▸ Data:
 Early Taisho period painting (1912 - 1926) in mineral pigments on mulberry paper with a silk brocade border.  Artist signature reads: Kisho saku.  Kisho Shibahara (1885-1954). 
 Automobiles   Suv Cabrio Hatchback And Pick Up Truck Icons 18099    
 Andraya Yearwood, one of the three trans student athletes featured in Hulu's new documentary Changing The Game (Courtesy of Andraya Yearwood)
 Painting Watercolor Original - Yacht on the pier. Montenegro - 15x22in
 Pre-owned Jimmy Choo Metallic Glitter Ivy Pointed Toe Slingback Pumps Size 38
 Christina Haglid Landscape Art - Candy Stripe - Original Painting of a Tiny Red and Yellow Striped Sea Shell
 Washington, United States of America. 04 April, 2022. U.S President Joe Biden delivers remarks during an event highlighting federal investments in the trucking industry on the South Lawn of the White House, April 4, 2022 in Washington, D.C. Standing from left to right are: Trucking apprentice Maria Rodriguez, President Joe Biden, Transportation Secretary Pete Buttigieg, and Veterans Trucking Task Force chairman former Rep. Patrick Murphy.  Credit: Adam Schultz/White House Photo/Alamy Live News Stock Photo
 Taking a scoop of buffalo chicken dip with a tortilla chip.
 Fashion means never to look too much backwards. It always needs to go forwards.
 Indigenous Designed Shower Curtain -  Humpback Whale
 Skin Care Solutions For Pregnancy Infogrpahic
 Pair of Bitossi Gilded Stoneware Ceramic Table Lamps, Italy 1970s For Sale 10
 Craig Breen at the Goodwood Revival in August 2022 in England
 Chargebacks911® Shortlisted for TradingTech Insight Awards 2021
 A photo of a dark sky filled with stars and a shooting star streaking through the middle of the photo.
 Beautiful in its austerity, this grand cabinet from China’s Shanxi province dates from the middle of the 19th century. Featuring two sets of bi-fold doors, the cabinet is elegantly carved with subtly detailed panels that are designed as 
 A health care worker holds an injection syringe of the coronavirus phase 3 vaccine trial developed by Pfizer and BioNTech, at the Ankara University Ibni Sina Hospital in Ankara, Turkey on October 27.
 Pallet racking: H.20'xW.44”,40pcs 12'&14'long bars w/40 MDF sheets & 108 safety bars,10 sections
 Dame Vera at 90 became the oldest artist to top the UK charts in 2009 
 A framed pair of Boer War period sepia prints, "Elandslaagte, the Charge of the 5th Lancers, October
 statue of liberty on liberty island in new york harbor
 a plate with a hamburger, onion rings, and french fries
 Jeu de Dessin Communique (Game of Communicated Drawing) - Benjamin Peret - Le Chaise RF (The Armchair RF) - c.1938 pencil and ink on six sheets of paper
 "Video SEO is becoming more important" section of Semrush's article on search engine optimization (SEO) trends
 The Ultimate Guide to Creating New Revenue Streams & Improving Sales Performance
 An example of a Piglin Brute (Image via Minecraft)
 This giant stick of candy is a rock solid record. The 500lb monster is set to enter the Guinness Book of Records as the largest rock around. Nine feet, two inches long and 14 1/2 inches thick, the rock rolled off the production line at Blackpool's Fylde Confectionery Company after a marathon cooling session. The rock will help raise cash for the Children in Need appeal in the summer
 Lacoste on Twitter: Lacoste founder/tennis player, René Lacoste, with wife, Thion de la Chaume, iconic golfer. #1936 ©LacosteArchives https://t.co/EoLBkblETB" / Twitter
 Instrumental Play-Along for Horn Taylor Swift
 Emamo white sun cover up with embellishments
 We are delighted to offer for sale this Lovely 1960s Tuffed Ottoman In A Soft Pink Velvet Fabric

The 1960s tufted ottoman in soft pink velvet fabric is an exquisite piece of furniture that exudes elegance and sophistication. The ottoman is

▸ Aim of the exercise: Scan the entries above for the line containing "A photo of a", and copy it and all lines after it exactly, down to and including the line containing "statue of liberty".

▸ Output below:
 A photo of a dark sky filled with stars and a shooting star streaking through the middle of the photo.
 Beautiful in its austerity, this grand cabinet from China’s Shanxi province dates from the middle of the 19th century. Featuring two sets of bi-fold doors, the cabinet is elegantly carved with subtly detailed panels that are designed as 
 A health care worker holds an injection syringe of the coronavirus phase 3 vaccine trial developed by Pfizer and BioNTech, at the Ankara University Ibni Sina Hospital in Ankara, Turkey on October 27.
 Pallet racking: H.20'xW.44”,40pcs 12'&14'long bars w/40 MDF sheets & 108 safety bars,10 sections
 Dame Vera at 90 became the oldest artist to top the UK charts in 2009 
 A framed pair of Boer War period sepia prints, "Elandslaagte, the Charge of the 5th Lancers, October
 statue of liberty on liberty island in new york harbor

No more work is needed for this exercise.